Проблемы эстетической танатологии развернуты в антропологических сочинениях М. М. Бахтина 1920-х годов. По его мысли, "я" не в состоянии осознать событие своей смерти со своего собственного места. Она может быть увидена лишь "другим", в видении которого моя жизнь получает эстетическое спасение-завершение: "Память о законченной жизни другого <…> владеет золотым ключом эстетического завершения личности. <…> Помыслить мир после моей смерти я могу, конечно, но пережить его эмоционально окрашенным моей смертью, моим небытием уже я не могу изнутри себя самого, я должен для этого вжиться в другого или в других, для которых моя смерть, мое отсутствие будет событием их жизни; совершая попытку эмоционально (ценностно) воспринять событие моей смерти в мире, я становлюсь одержимым душой возможного другого, я уже не один, пытаясь созерцать целое своей жизни в зеркале истории, как я бываю не один, созерцая себя в зеркале". Особую ценность для истории Танатоса представляет анализ Бахтиным изображенной смерти у Ф. М. Достоевского (в его мире "смерть ничего не завершает, потому что она не задевает самого главного в этом мире – сознание для себя") и Л. Н. Толстого (для овеществленного сознания его героя смерть обладает "завершающей и разрешающей силой").

Опыт изображенной смерти у Достоевского и Толстого лег в основу книги Л. Шестова "На весах Иова" (1929).
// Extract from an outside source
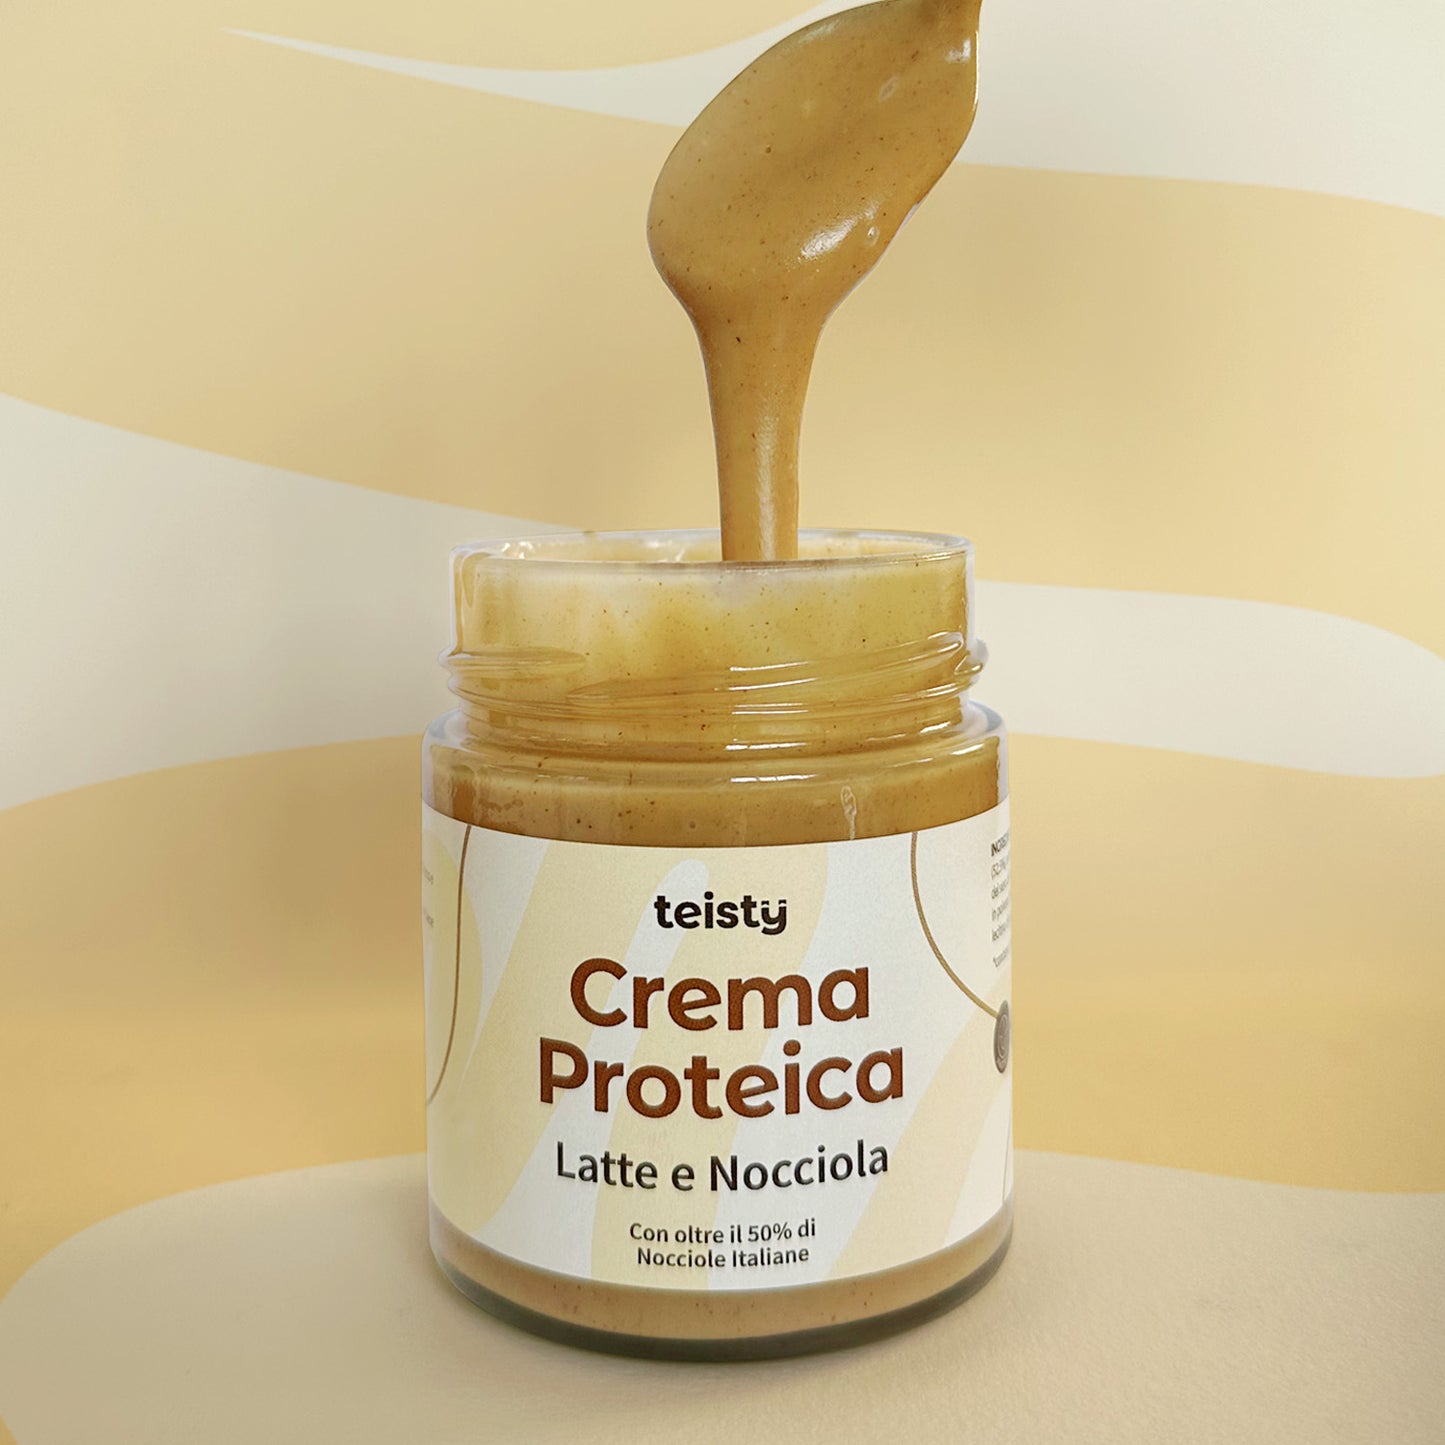 Crema Proteica - Latte e Nocciola - la nuova Wafer e Nocciola

Шестов наследует экзистенциальную тревогу "парадоксалиста", в которой сублимировано недоумение подпольного мыслителя Достоевского перед абсурдом смерти как самоочевидной онтологической бессмыслицы; внятна ему и смертная тоска овнешненного тленной телесностью героя Толстого. Перед зрелищем смерти изображающей, то есть перед живой жизнью, упакованной в футляры смерти, Шестов формулирует долг философа: не мириться с противоречиями бытия, но "вырваться, хотя бы отчасти, при жизни от жизни". В интонациях Иова богооставленного автор "Откровения смерти" (1915) твердит о напрасном даре, доставшемся человеку: разумении и объяснении. Одна мысль о смерти приносит мыслителю физическое ощущение бессилия перед титаническими стенами плотно слежавшегося праха, которые обступают личность по всему периметру его дольней Платоновой пещеры.

В контраст шестовскому отчаянию русская традиция Танатоса знает смиренные размышления И. А. Ильина: в книгу "Поющее сердце" (Мюнхен, 1958) он включил "Письмо о смерти" и "Письмо о бессмертии", в которых православная дидактика танатоса строится в традиционном европейском аспекте достоинства личности.

IV

Концепции воскрешения и метаисторических аннигиляций смерти в XX в. перестали выполнять компенсаторные функции (по отношению к страху жизни и страху смерти). Они, конечно, сохранились в списке предметов богословских дискуссий и конфессиональных предпочтений, но по эту сторону бытия все чаще смотрят на них с чувством некоторой неловкости.

Русская традиция знает абсолютную посюстороннюю альтернативу смерти; история ее философского осмысления практически не изведана.